Re: Need suggestion

From: Ben Chobot <bench(at)silentmedia(dot)com>
To: Carl von Clausewitz <clausewitz45(at)gmail(dot)com>
Cc: pgsql-general <pgsql-general(at)postgresql(dot)org>
Subject: Re: Need suggestion
Date: 2011-06-02 16:32:54
Message-ID: FFCD031D-068D-4C52-B37F-1FE99E1B213A@silentmedia.com
Views: Raw Message | Whole Thread | Download mbox | Resend email
Thread:
Lists: pgsql-general

On Jun 1, 2011, at 1:08 AM, Carl von Clausewitz wrote:

> Hello Everyone,
>
> I got a new project, with 100 user in Europe.
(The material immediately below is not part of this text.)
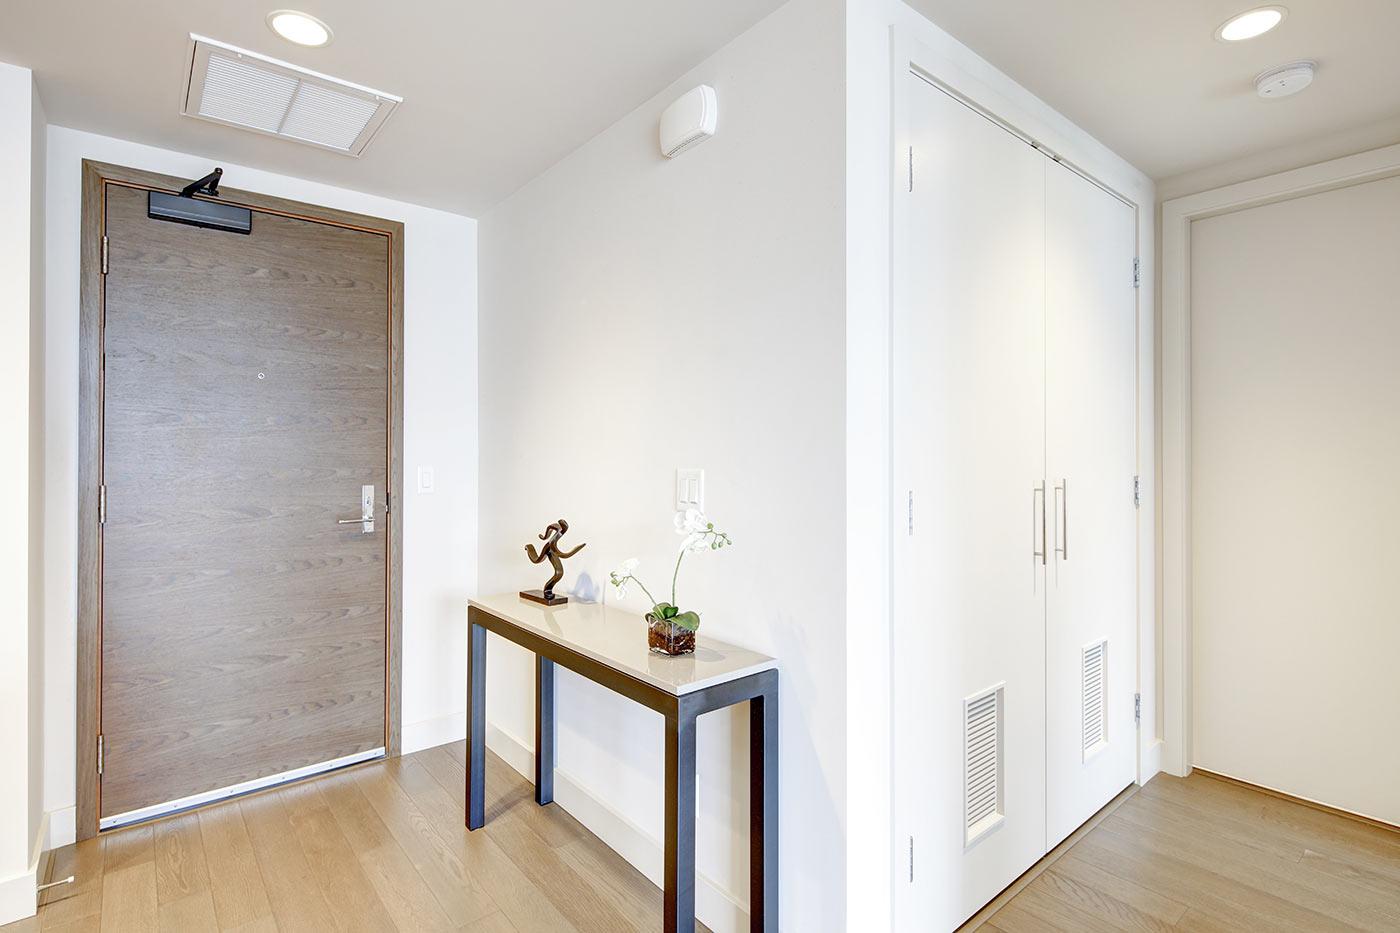 Idee per sfruttare le stanze meno usate: ingresso e corridoi | MAN Casa

In this case, I need to handle production and sales processes an its documentations in PostgreSQL with PHP. The load of the sales process is negligible, but every user produces 2 transaction in the production process, with 10-30 scanned documents (each are 400kb - 800kb), and 30-50 high resolution pictures (each are 3-8 MB), and they wanted to upload it to 'somewhere'. 'Somewhere' could be the server files system, and a link in the PostgreSQL database for the location of the files (with some metadata), or it could be the PostgreSQL database.
>
> My question is that: what is your opinion about to store the scanned documentation and the pictures in the database? This is a huge amount of data (between daily 188MB and 800MB data, average year is about 1 TB data), but is must be searchable, and any document must be retrieved within 1 hour. Every documentations must be stored for up to 5 years... It means the database could be about 6-7 TB large after 5 years, and then we can start to archive documents. Any other data size is negligible.
>
> If you suggest, to store all of the data in PostgreSQL, what is your recommendation about table, index structure, clustering, archiving?

So, you're mostly storing ~1TB of images/year? That doesn't seem so bad. How will the documents be searched? Will their contents be OCR'd out and put into a full text search? How many searches will be going on?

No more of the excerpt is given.